2. Eine Interpretin, die nicht nur Technik, sondern Musikalität höchsten Ranges besitzt.
Genau das ist bei Zuzana Ferjenčíková der Fall. Ihr Spiel berührt nicht nur den Verstand des Musikliebhabers, sondern ergreift das Herz des mit Sehnsucht suchenden Menschen nach dem, was erfüllt und beglückt. Man spürt, dass sie nicht nur die Orgel spielt, sondern dass sie mit der Musik eine tief geistige Botschaft vermittelt, die weit über den Augenblick hinausweist. Dazu kommt, dass sie gerade nicht auf altbekanntes Repertoire zurückgreift, sondern eigene Transkriptionen vorstellt – mutige, feinfühlige Bearbeitungen, die das Instrument zum Strahlen bringen. So eröffnet die CD mit Beethovens Sonate Pathétique fulminant, führt über Mozarts fast schwermütig anmutendes Adagio h-Moll und drei Stücke aus den Kinderszenen von Schumann bis hin zu Liszt – und erreicht damit einen Höhepunkt der Orgeltranskriptionskunst.

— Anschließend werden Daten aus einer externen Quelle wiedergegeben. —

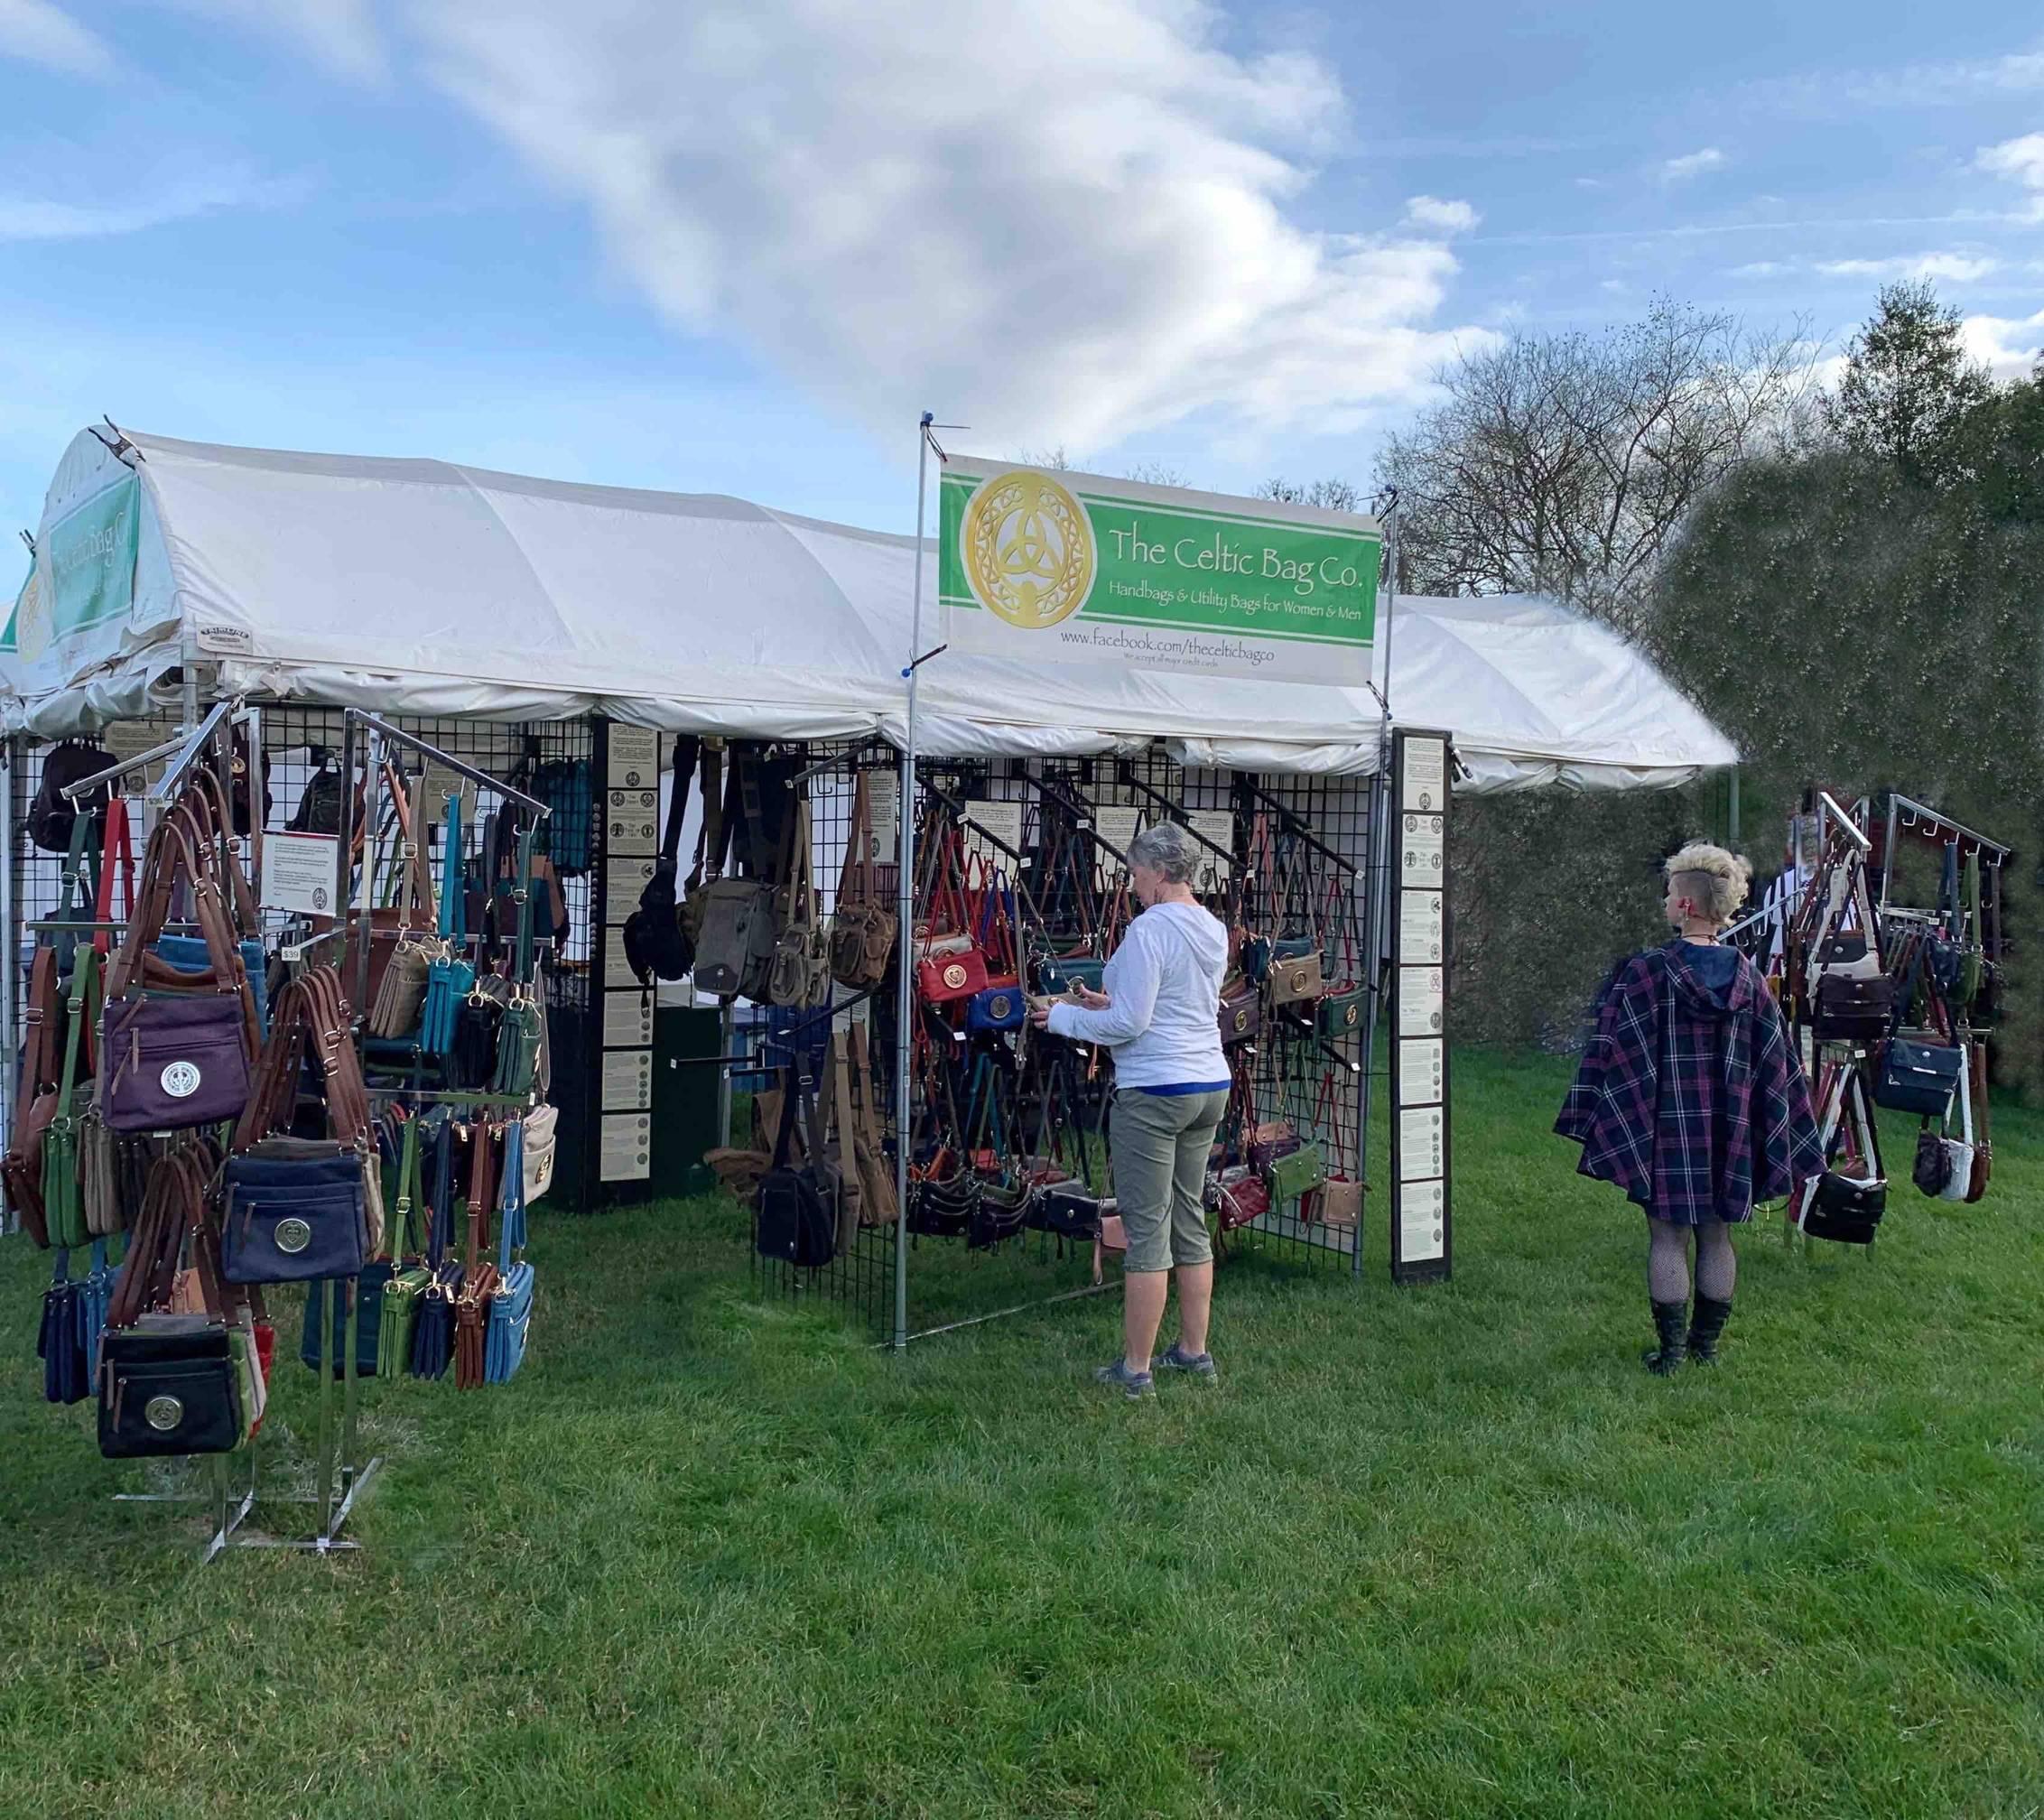 The Celtic Bag Co. Celtic Festival Online

3. Eine Aufnahmetechnik, die den Klangraum vollkommen erfasst.
Hier leistet Christoph Martin Frommen Außergewöhnliches: Die Aufnahme ist kristallklar, von räumlicher Tiefe und Balance, wie man sie sich besser kaum vorstellen kann. Jede Nuance der Orgel wird eingefangen – vom hauchzarten Pianissimo bis zum monumentalen Fortissimo – und vermittelt dem Hörer nicht nur die Klangschönheit des Instruments, sondern auch die akustische Atmosphäre der herrlichen gotischen Hallenkirche von St. Peter und Paul in Ratingen.
Das Booklet, gewohnt sorgfältig von Aeolus gestaltet, rundet das Hörerlebnis ab: Fundierte Informationen zur Orgelgeschichte mit zum Beispiel historischen Bildern vom Aufbau der Orgel im Jahr 1953, zur Künstlerin und zu den Werken laden dazu ein, beim Hören in die Hintergründe einzutauchen.
Für mich ist die CD mit dem passenden Titel Passion ein Ereignis: eine leidenschaftliche Einspielung, die Maßstäbe setzt und die ich zu den besten Orgel-CDs der letzten Jahre zähle. Sie ist ein Hörgenuss, ein klingendes Dokument der Lebendigkeit einer einzigartigen Orgel – und somit ein heißer Tipp zum Verschenken. Dies gilt für alle Gelegenheiten, da man lieben Freunden besinnliche, ergreifende und trostvolle 75 Minuten Musik schenken und damit eine echte Freude bereiten möchte.